23.2 -- Consent of Andrea D. Kantor (included in Exhibit 5.1).*
</TABLE>

(b) Financial Statement Schedules:

None
- ---------------
* Filed herewith.
** Confidential treatment has been granted for portions of this exhibit.

ITEM 17. UNDERTAKINGS.

Insofar as indemnification for liabilities arising under the Securities
Act, as amended (the "Securities Act") may be permitted to directors, officers
and controlling persons of the Registrant pursuant to the foregoing provisions,
or otherwise, the Registrant has been advised that in the opinion of the
Securities and Exchange Commission such indemnification is against public policy
as expressed in the Securities Act and is, therefore, unenforceable. In the
event that a claim for indemnification against such liabilities (other than the
payment by the Registrant of expenses incurred or paid by a director, officer or
controlling person of the Registrant in the successful defense of any action,
suit or proceeding) is asserted by such director, officer or controlling person
in connection with the securities being registered, the Registrant will, unless
in the opinion of its counsel the matter has been settled by controlling
precedent, submit to a court of appropriate jurisdiction the question whether
such indemnification by it is against public policy as expressed in the
Securities Act and will be governed by the final adjudication of such issue.

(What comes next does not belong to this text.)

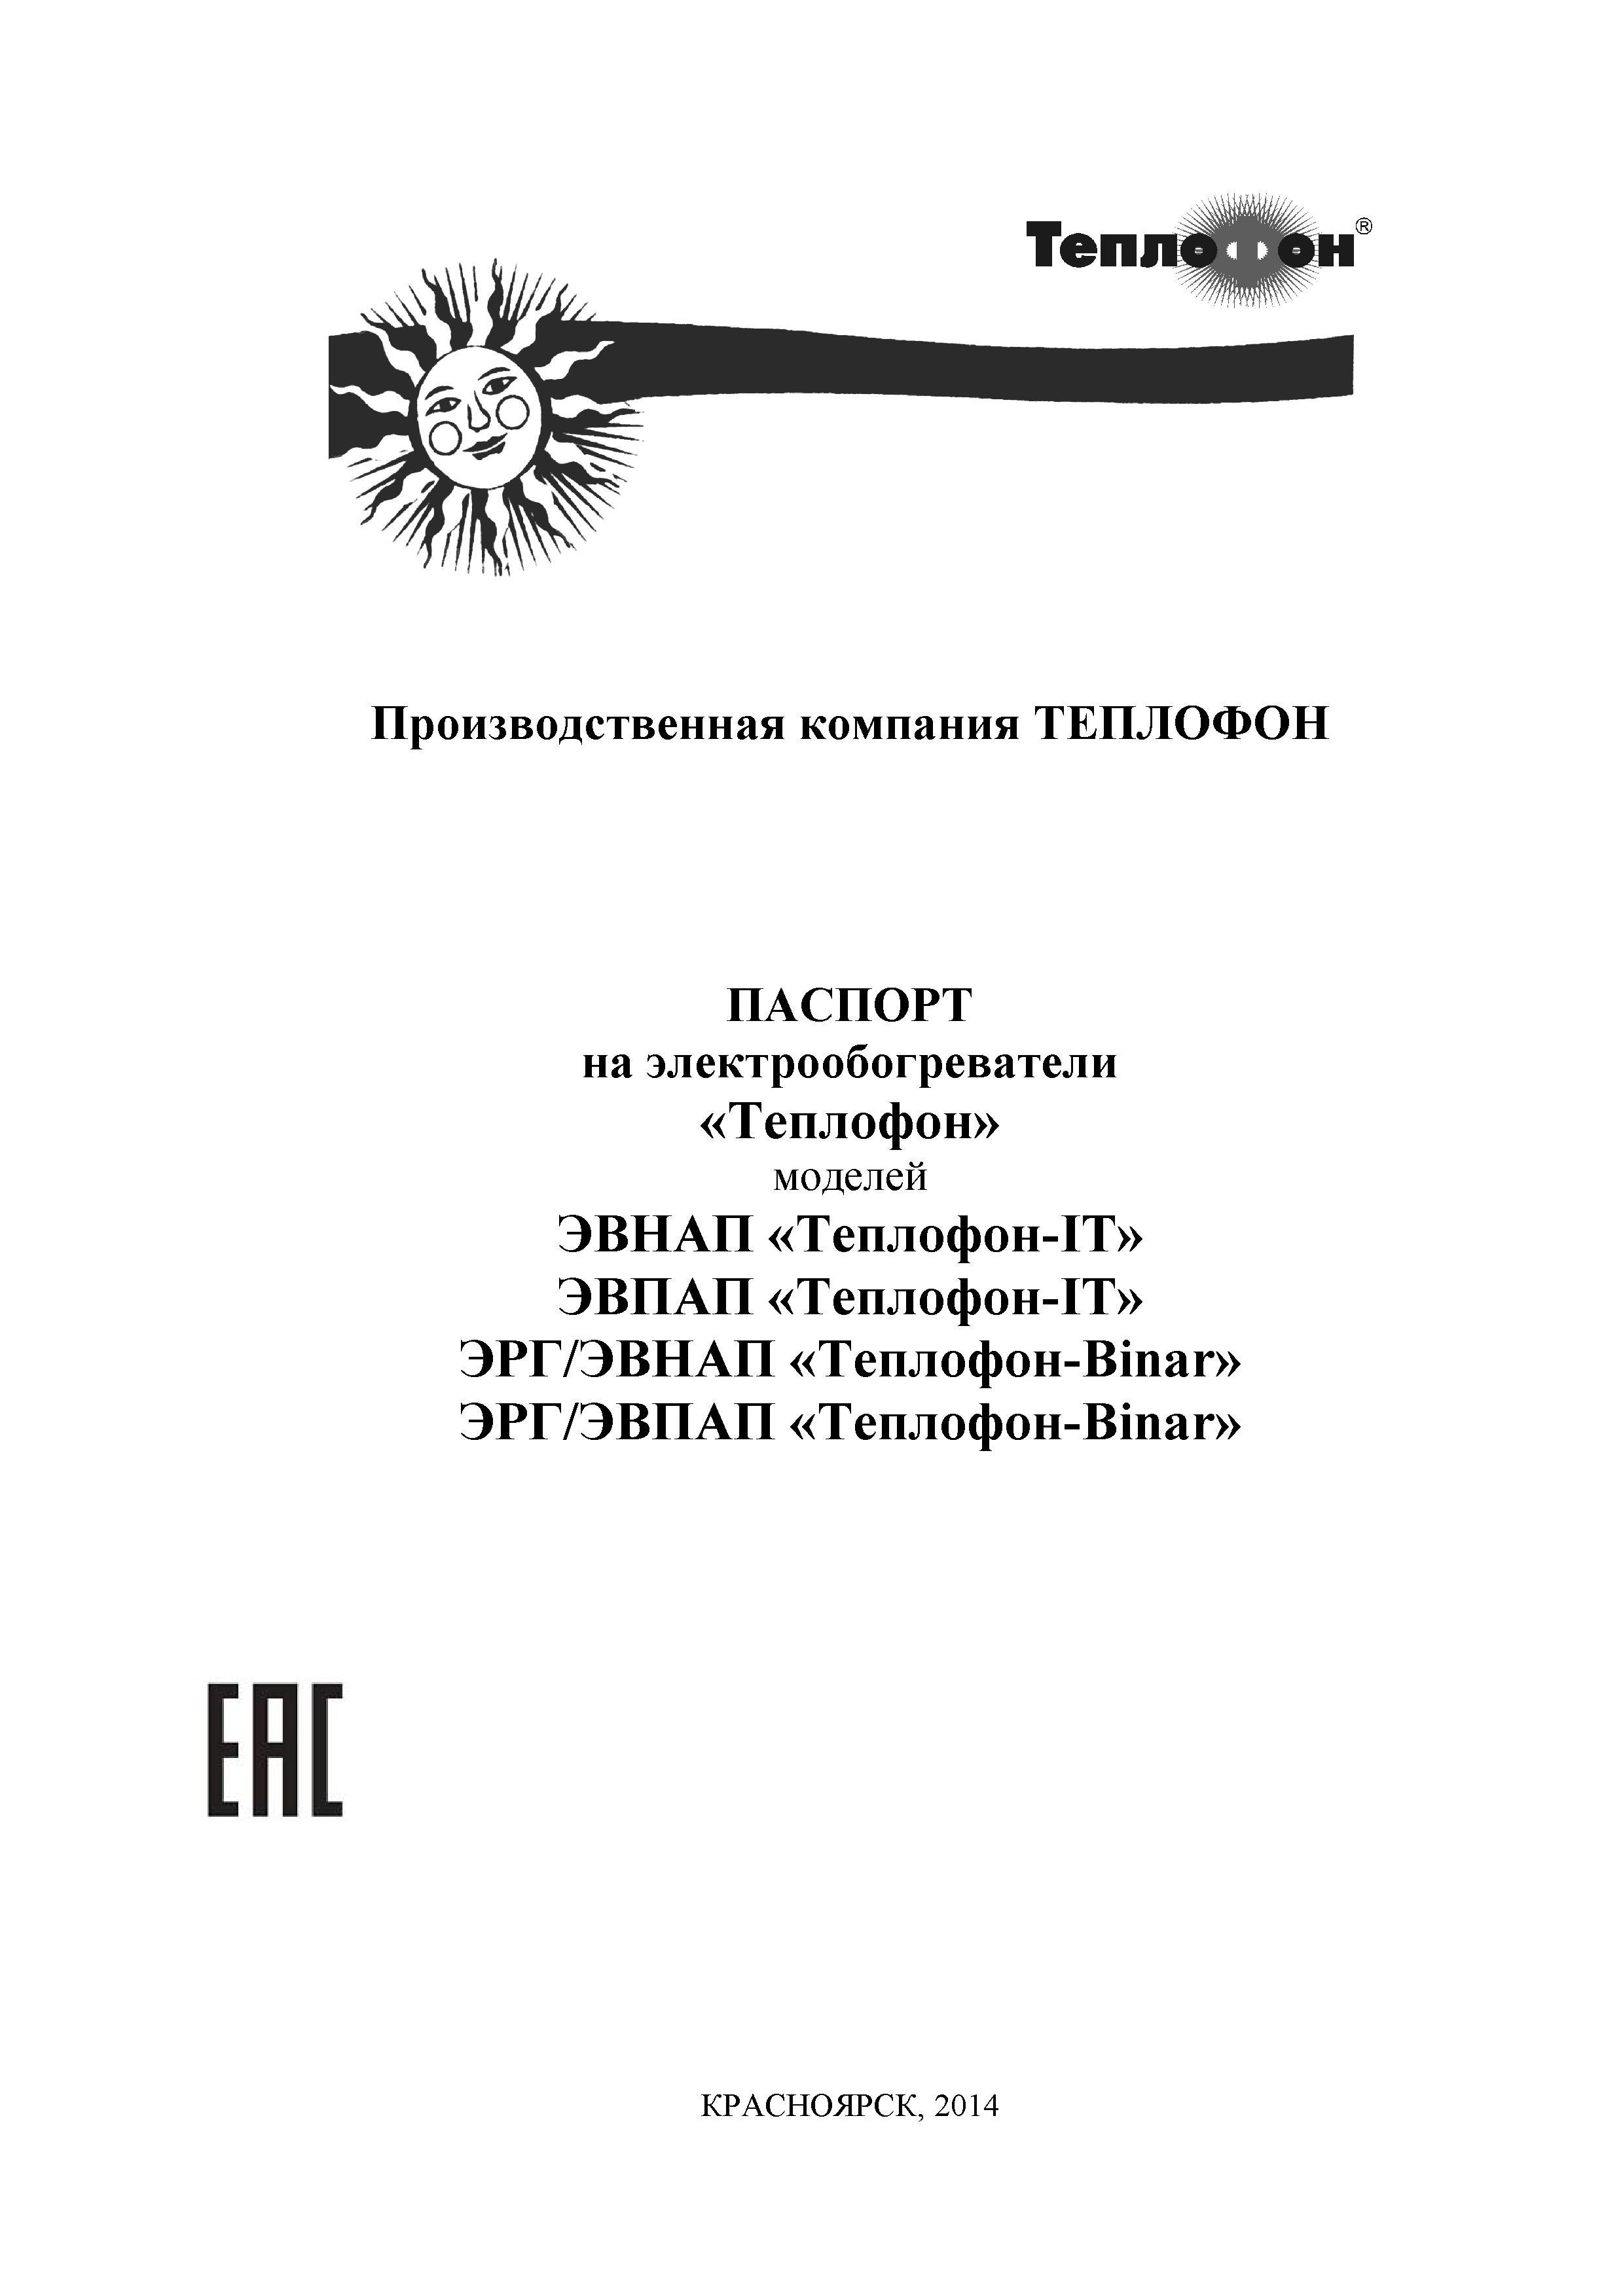 Инструкция на конвективно-инфракрасные обогреватели Теплофон Binar
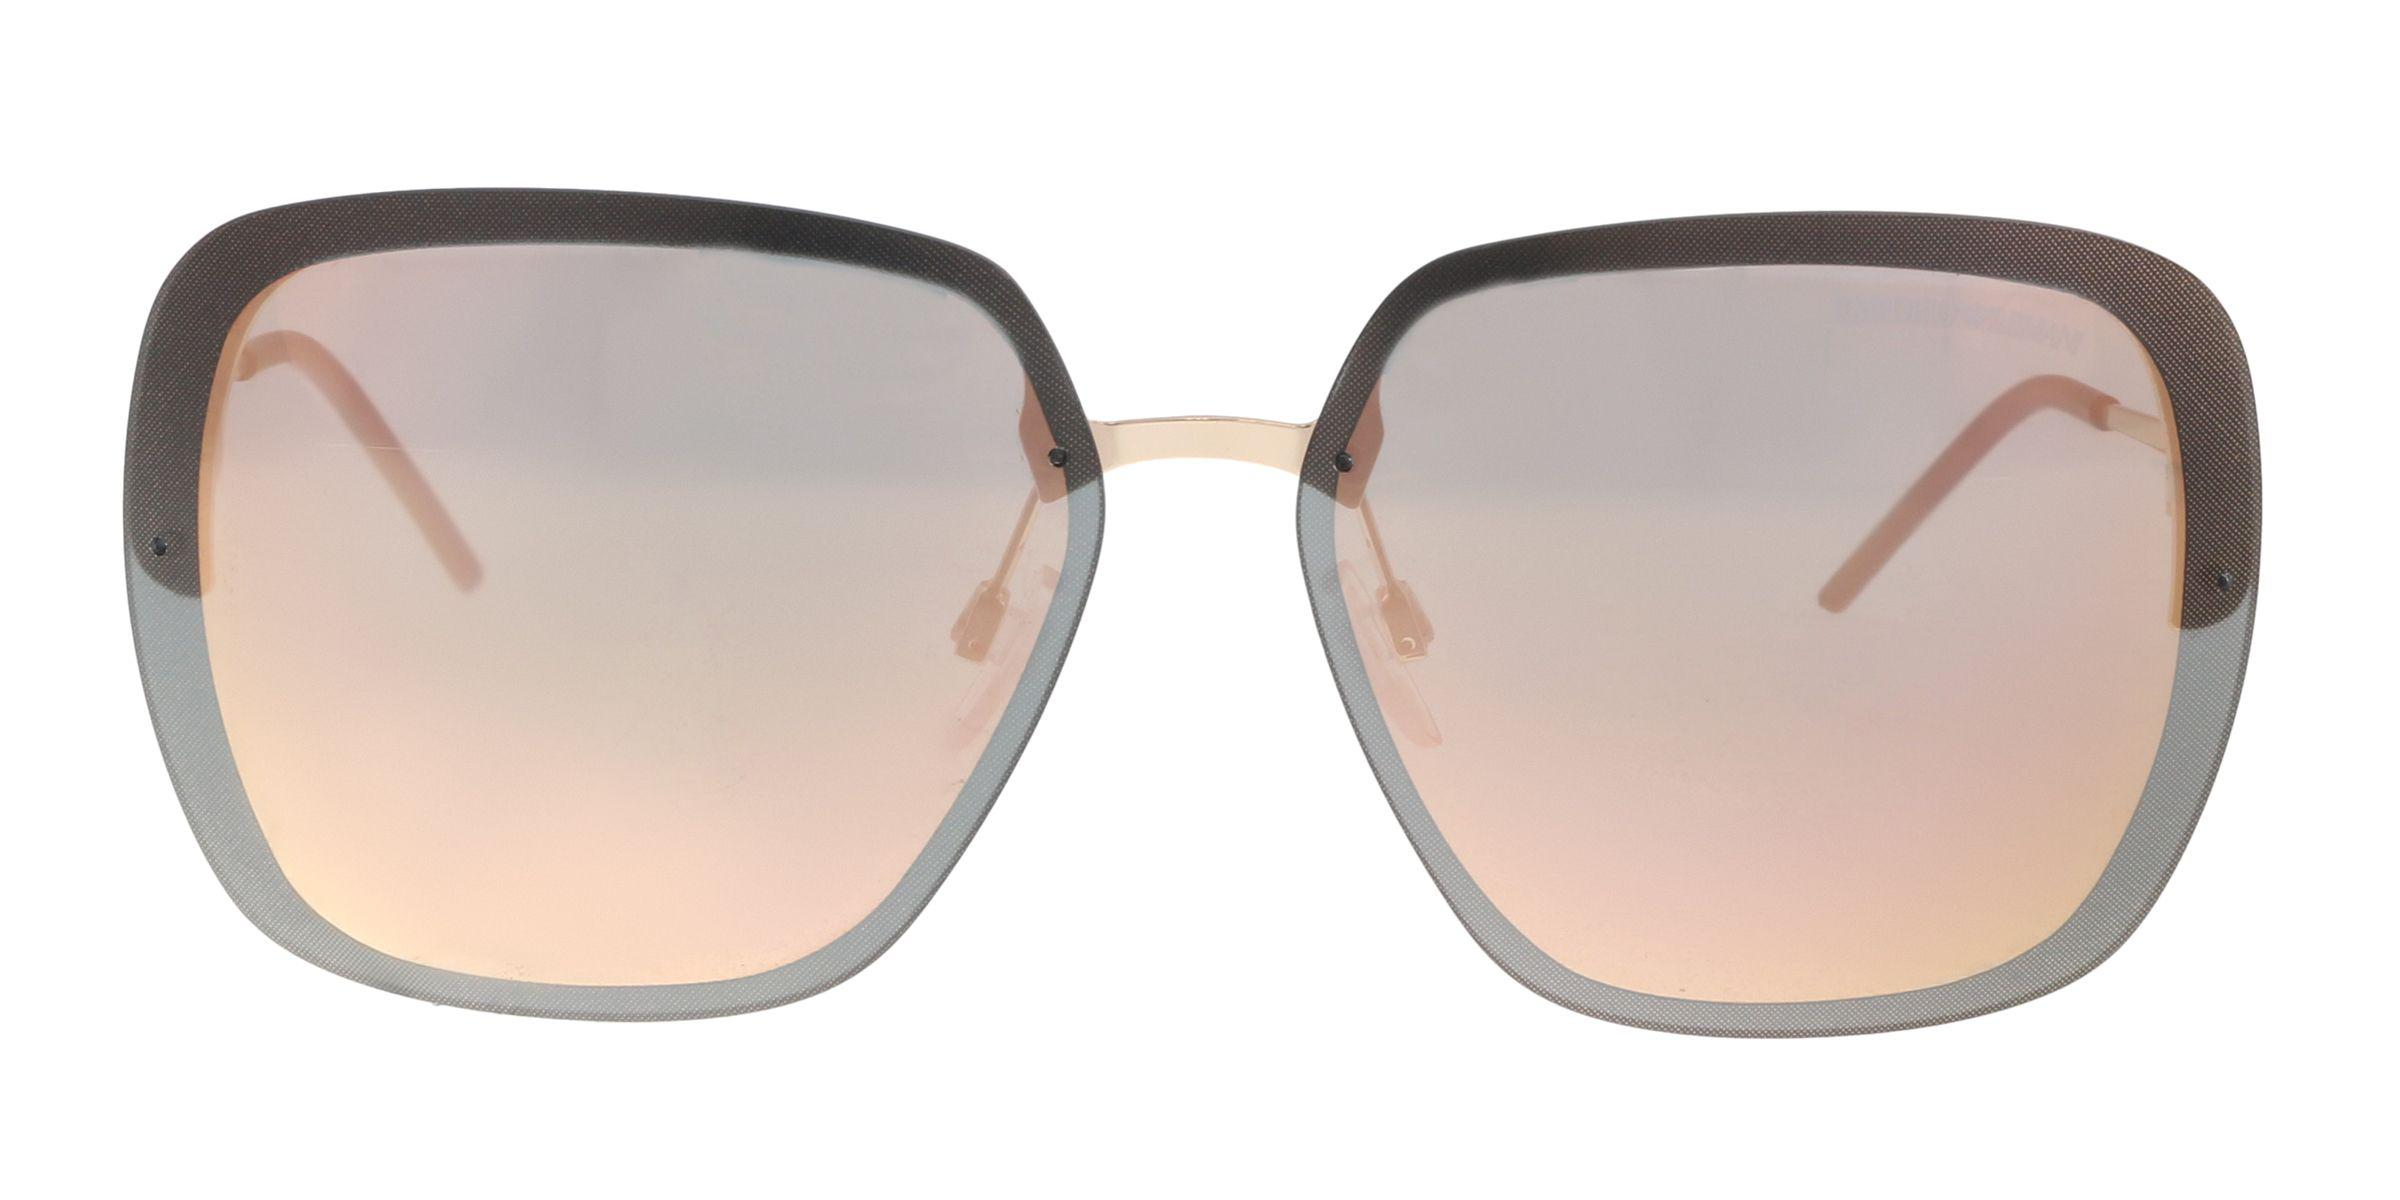 91a5cd5b322 Lyst - Emporio Armani Ea2045 31674z Pink Gold Square Sunglasses

A. The undersigned Registrant hereby undertakes that:

(1) For purposes of determining any liability under the Securities
Act, the information omitted from the form of prospectus filed as part of
this Registration Statement in reliance upon Rule 430A and contained in a
form of prospectus filed by the Registrant pursuant to Rule 424(b)(1) or
(4) or 497(h) under the Securities Act shall be deemed to be part of this
Registration Statement as of the time it was declared effective.

(2) For the purpose of determining any liability under the Securities
Act, each post-effective amendment that contains a form of prospectus shall
be deemed to be a new Registration Statement relating to the securities
offered therein, and the offering of such securities at that time shall be
deemed to be the initial bona fide offering thereof.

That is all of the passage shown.